And yes, $61 million REVENUE is peanuts.

If it were $61 million *INCOME*...that is not peanuts and would be something to celebrate.

I would like for Novell to succeed, as I am a big Mono enthusiast. But, for now I will reserve celebrating until this company is able to produce some solid results.

Reply Score: 0

RE[2]: Peanuts
by segedunum on Fri 2nd Dec 2005 21:33 UTC in reply to "RE: Peanuts"
segedunum Member since:
2005-07-06

Nobody cares about revenue, income doesn't keep a company in business, 61 million USD is nothing... bloody brilliant analysis that.

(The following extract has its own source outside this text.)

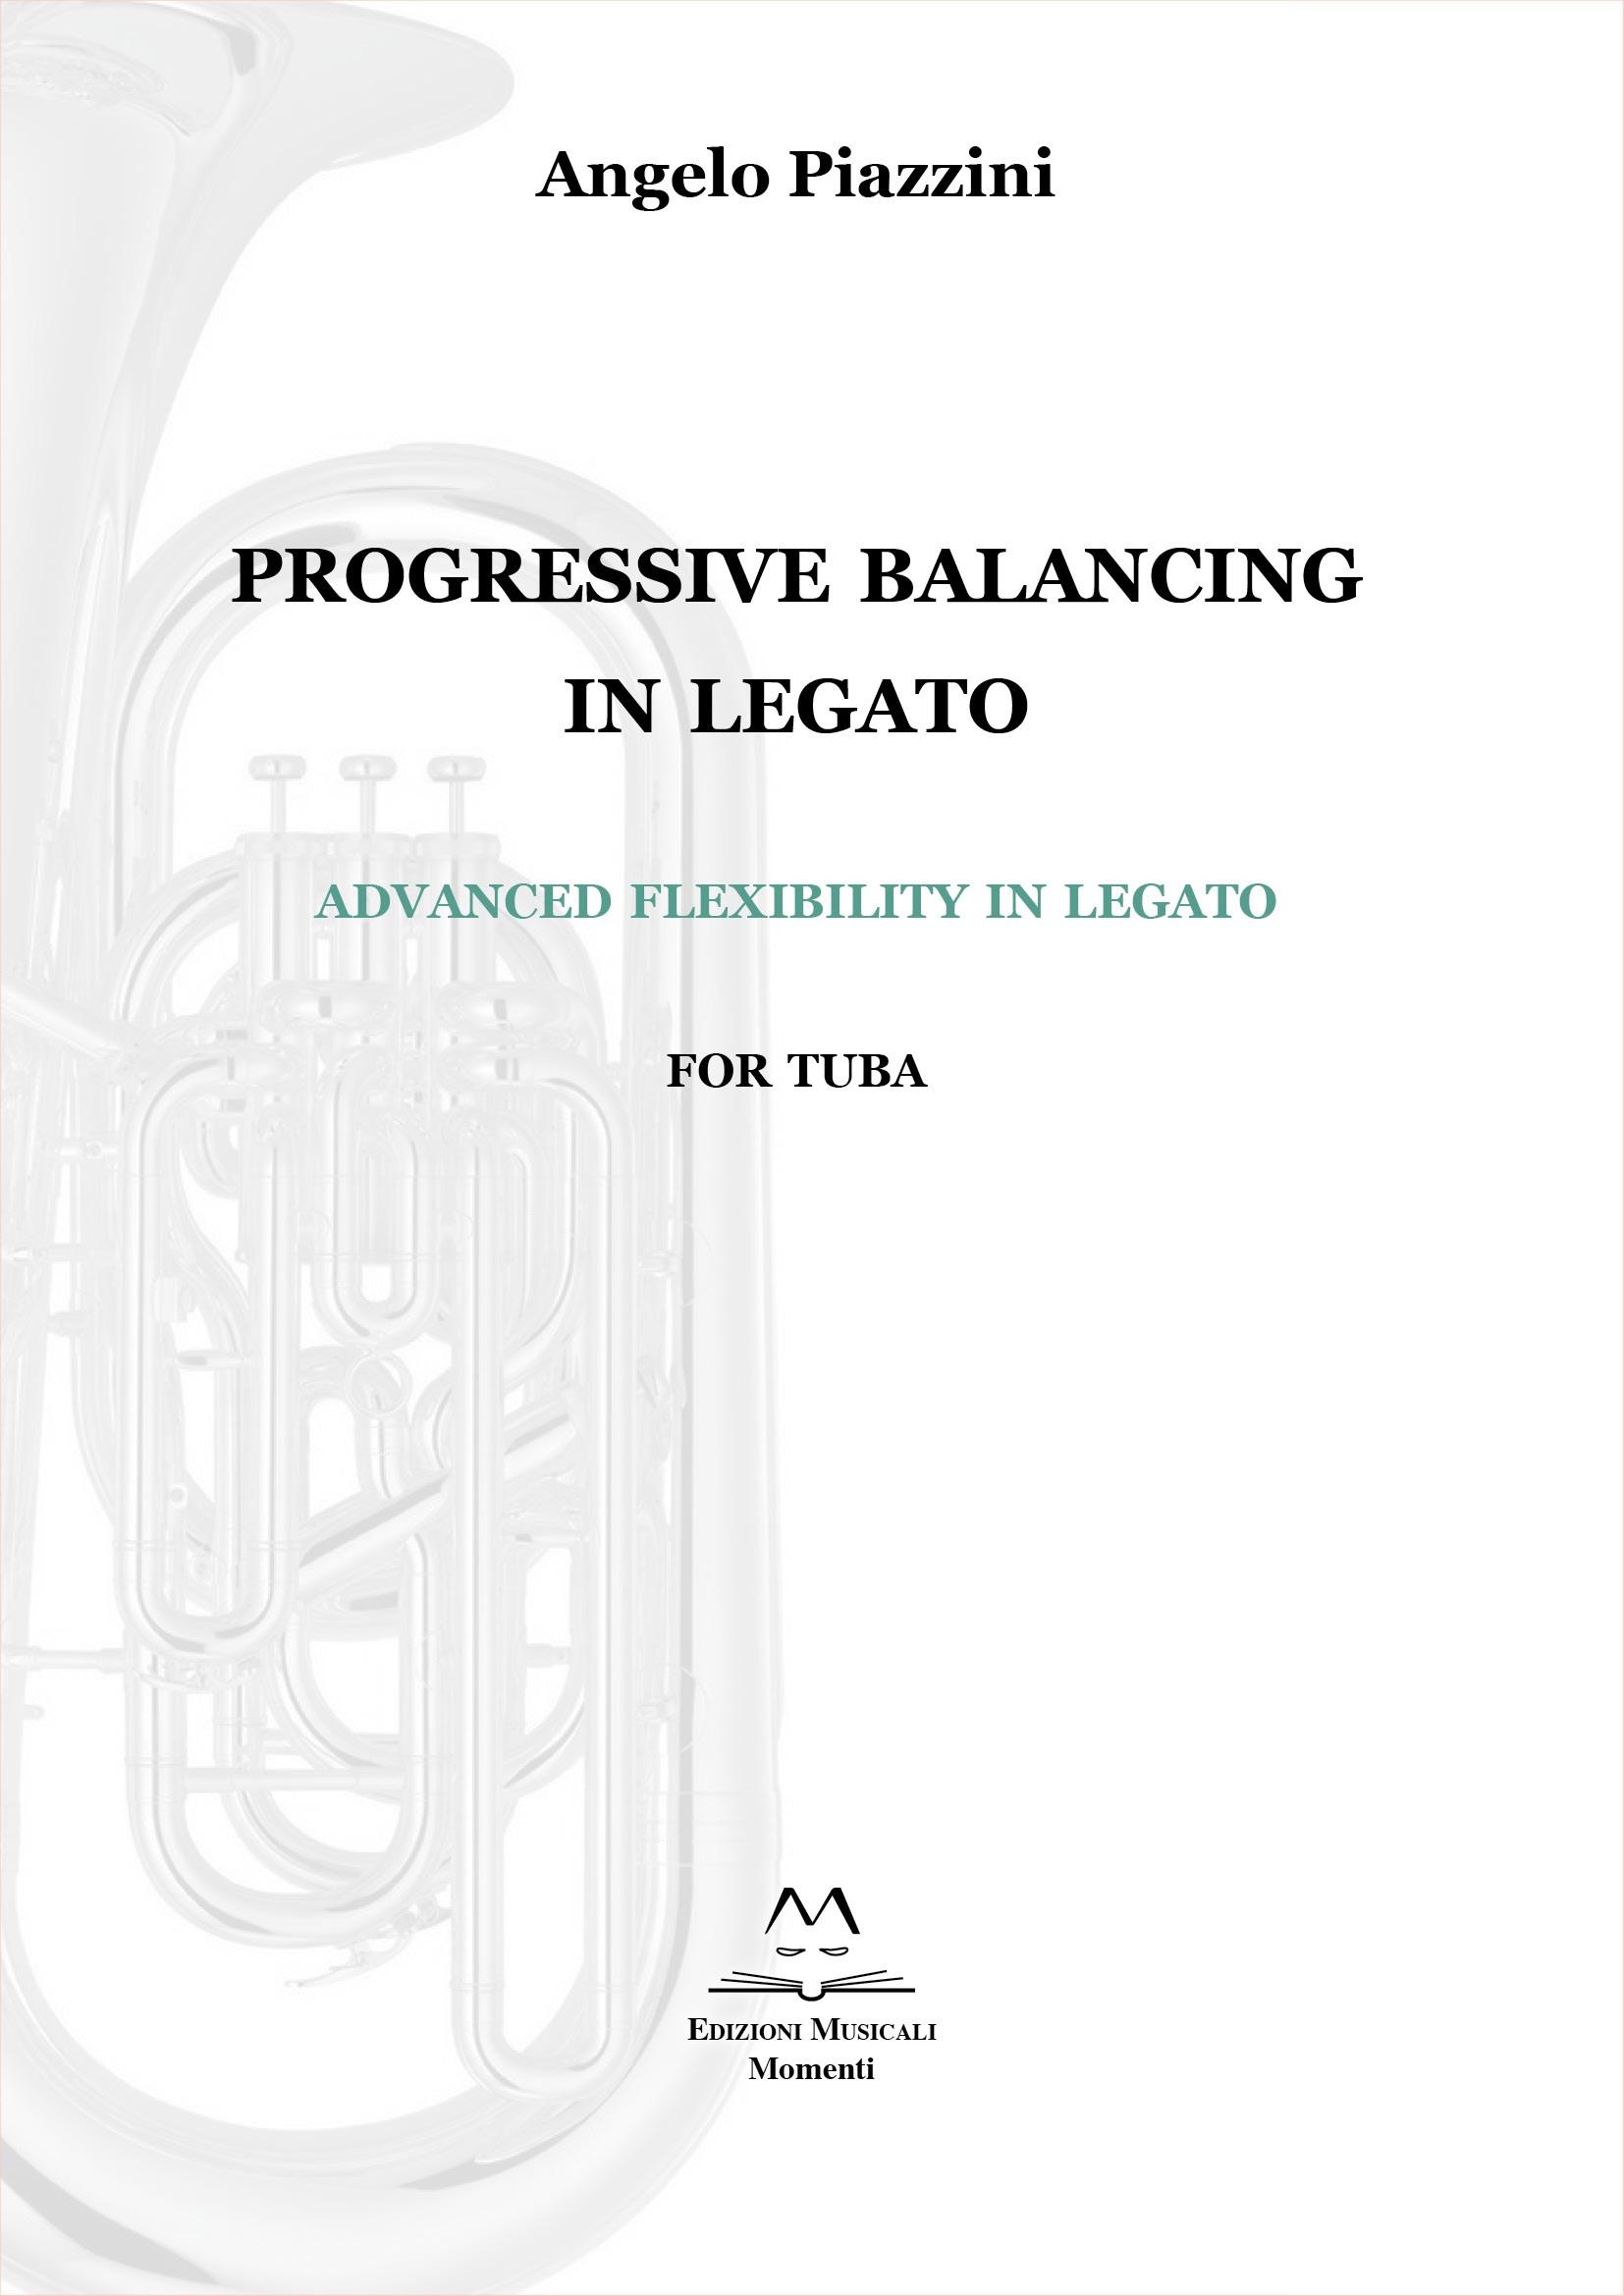 Progressive Balancing in Legato for Tuba di Angelo Piazzini

It's the smart analysis. Yes, their Linux revenue has increased by a relatively small margin, but really, how much of that is from people switching from Netware to OES (which essentially still is Netware)? If that's the case then they're not attracting any new customers, and they don't exactly have to get many Netware people to switch to apparently boost their figures. You have to remember that most of their revenue this year was from Microsoft and from products which provide revenue but have no future. And anyone can redefine what Linux revenue actually means.

However, he was right. When it comes to Novell a miniscule increase in Linux revenue is meaningless when compared with their absolutely incredible fixed costs and overheads. The essential arithmetic is that Novell have to be making something like $2 million worth of clear profict, every single day, to simply break even. Novell are culturally acting as they did in the eighties and nineties as if they still have billions in revenue coming through the company to be able to afford multiple campuses and private jets. Times have changed and the penny simply hasn't dropped. Novell have needed to carefully cull about four fifths of their workforce and all the extravangances in order to remain competitive in the market that they're in. Realising that they need to make further redundancies after the current wave would be an absolutely disastrous mistake and one many companies make.

The salesman in the COO now in charge has come out, and God knows it needed to because Novell were and are awful. The clue that this has been about selling is that Netware's business has increased by 3 percent, and shows how pretty woeful Novell have been. However, he still has to have the vision, the technical nous and the ideas to navigate Novell to a prosperous future.

It is ridiculously easy to make apparently huge improvements in a company because all it shows is how badly it really was, and is, doing. I really don't know how they can predict a ten to fifteen percent operating margin by 2008 - their revenue will have to increase extremely dramatically or their costs will have to reduce really dramatically.

Edited 2005-12-02 21:35

Reply Score: 2

RE[3]: Peanuts
by segedunum on Sat 3rd Dec 2005 17:28 UTC in reply to "RE[2]: Peanuts"
segedunum Member since:
2005-07-06

The essential arithmetic is that Novell have to be making something like $2 million worth of clear profict

That should read $2 million worth of income. $2 million dollars worth of profit to break even? God, not even life is that unafir!

Reply Score: 1

still there own biggest customer
by cies on Fri 2nd Dec 2005 14:38 UTC
cies
Member since:
2005-11-28

they also swtich them welves over to 'linux', this is (afaick: still) their biggest 'linux' project.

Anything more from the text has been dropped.